• [Information shown]:
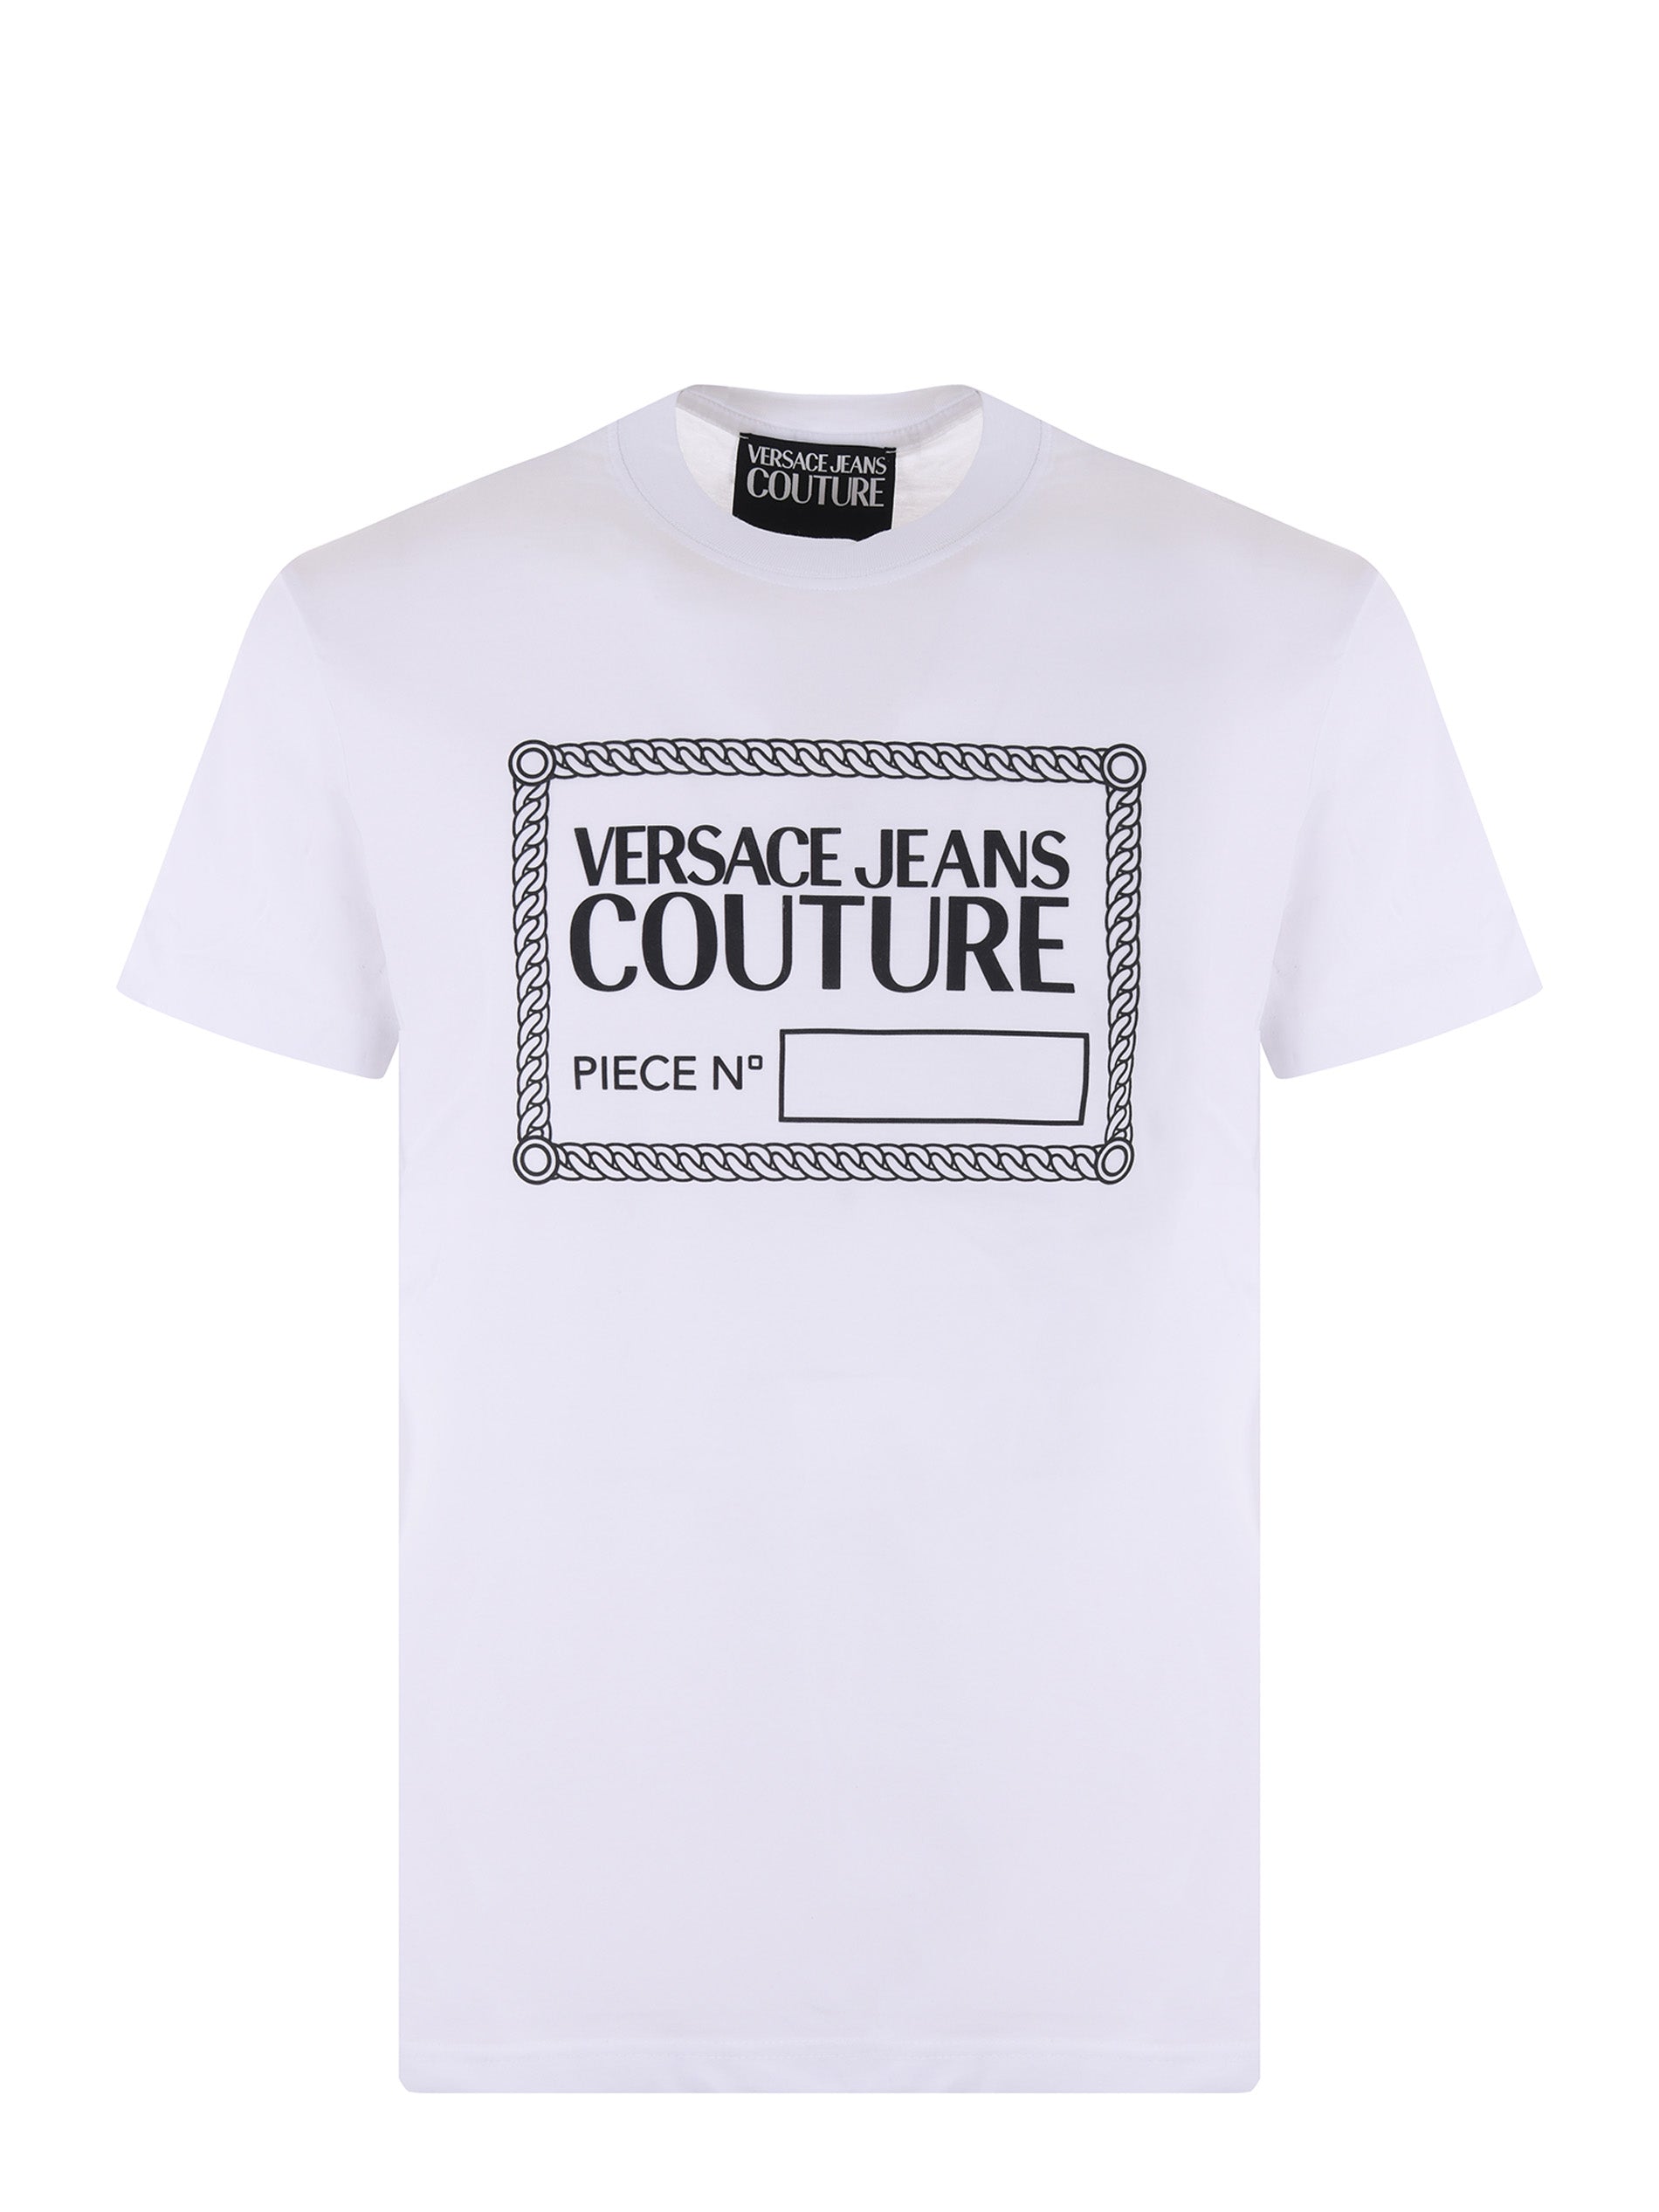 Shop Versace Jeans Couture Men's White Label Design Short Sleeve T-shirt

--

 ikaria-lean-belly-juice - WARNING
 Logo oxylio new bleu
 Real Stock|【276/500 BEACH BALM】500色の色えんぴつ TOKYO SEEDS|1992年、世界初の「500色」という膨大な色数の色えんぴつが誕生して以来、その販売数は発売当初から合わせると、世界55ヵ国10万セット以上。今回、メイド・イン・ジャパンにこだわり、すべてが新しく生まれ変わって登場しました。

---

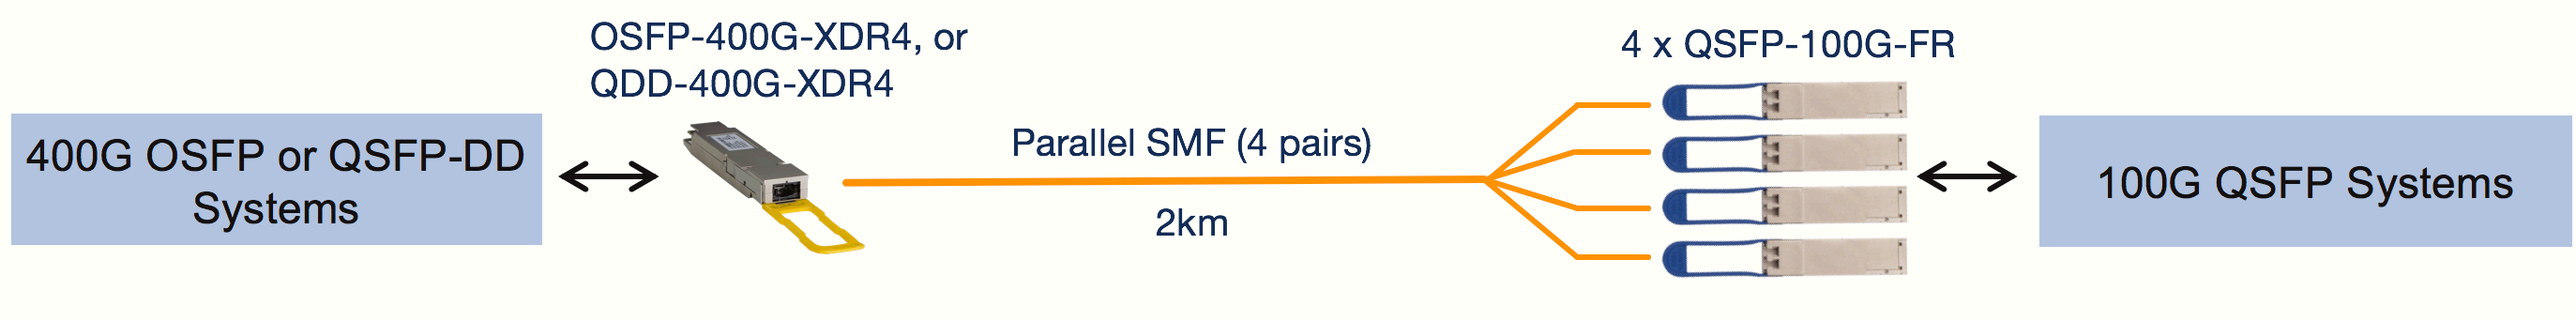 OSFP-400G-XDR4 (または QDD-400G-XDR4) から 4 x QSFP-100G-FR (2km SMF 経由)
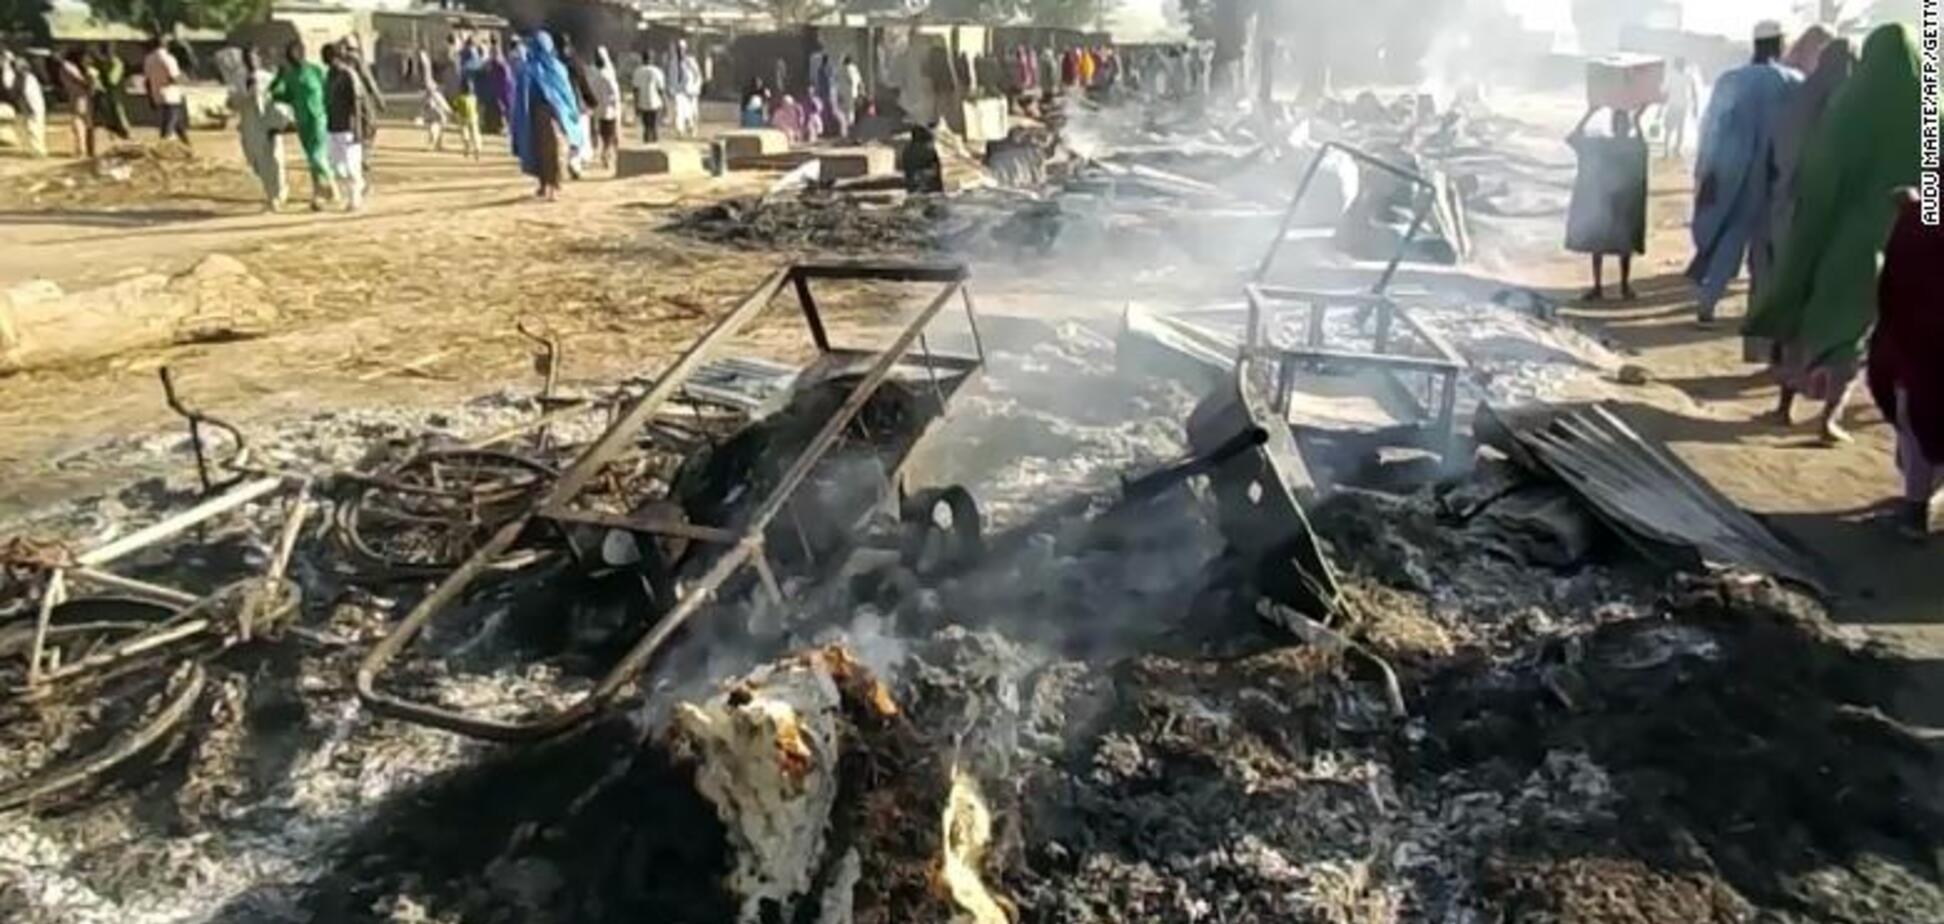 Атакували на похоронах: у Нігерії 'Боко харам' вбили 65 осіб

• [Problem requirements]: Retype only this portion of the data above: the line containing "ikaria-lean-belly-juice - WARNING", the line containing "Real Stock|【276/500 BEACH", and all lines between them, exactly.

• [Solution to this exercise]:
 ikaria-lean-belly-juice - WARNING
 Logo oxylio new bleu
 Real Stock|【276/500 BEACH BALM】500色の色えんぴつ TOKYO SEEDS|1992年、世界初の「500色」という膨大な色数の色えんぴつが誕生して以来、その販売数は発売当初から合わせると、世界55ヵ国10万セット以上。今回、メイド・イン・ジャパンにこだわり、すべてが新しく生まれ変わって登場しました。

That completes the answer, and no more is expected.